--- Supplied material ---
↓↓↓
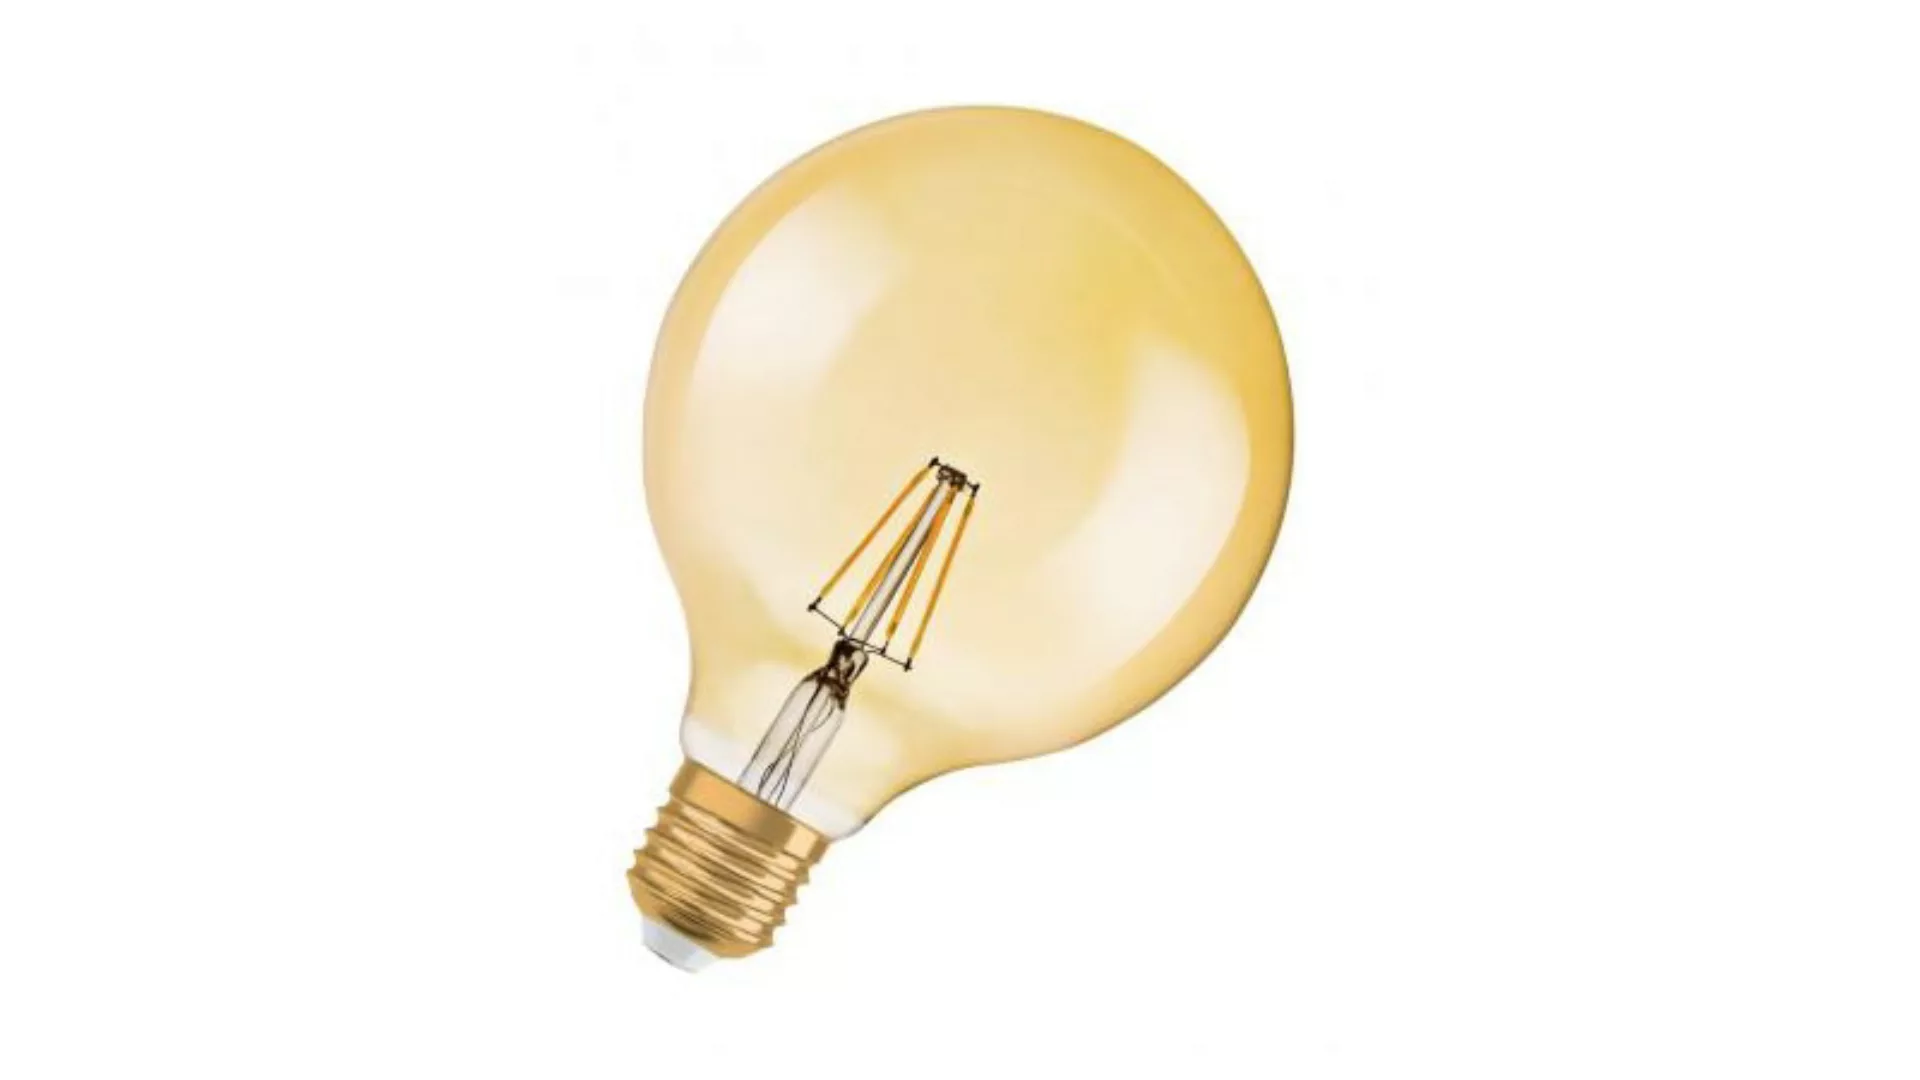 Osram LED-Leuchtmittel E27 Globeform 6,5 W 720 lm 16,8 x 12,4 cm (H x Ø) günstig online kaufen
↑↑↑
↓↓↓
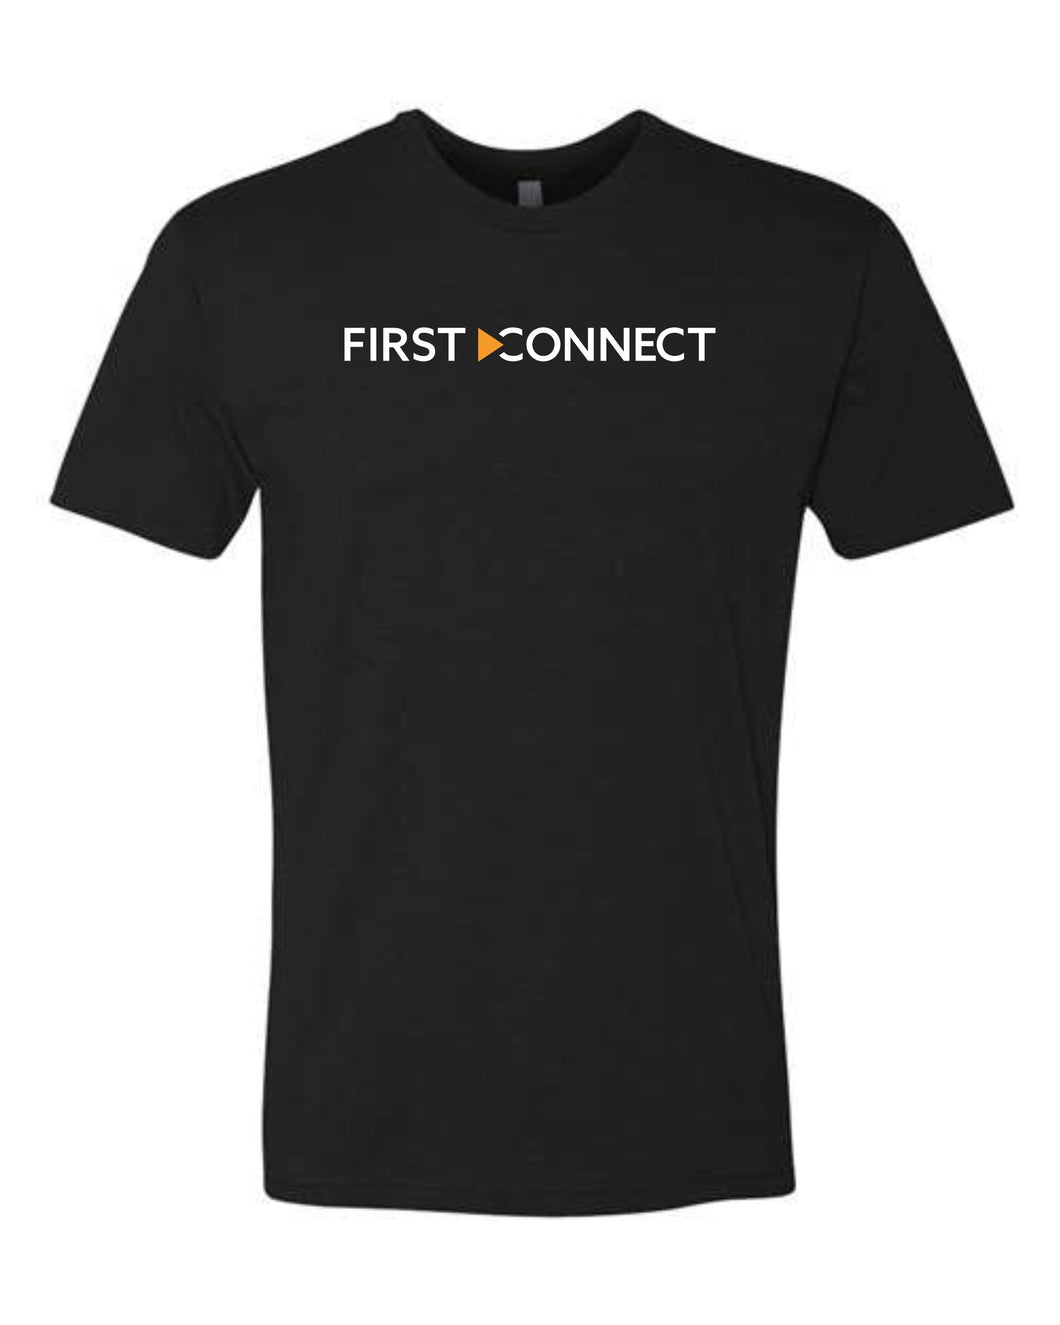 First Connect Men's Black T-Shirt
↑↑↑
↓↓↓
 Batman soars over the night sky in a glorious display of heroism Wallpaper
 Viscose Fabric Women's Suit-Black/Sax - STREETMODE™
↑↑↑
Using the data above, repeat exactly the lines that begin at the line with "Batman soars over" and end at the line with "Viscose Fabric Women's", both ends included.

 Batman soars over the night sky in a glorious display of heroism Wallpaper
 Viscose Fabric Women's Suit-Black/Sax - STREETMODE™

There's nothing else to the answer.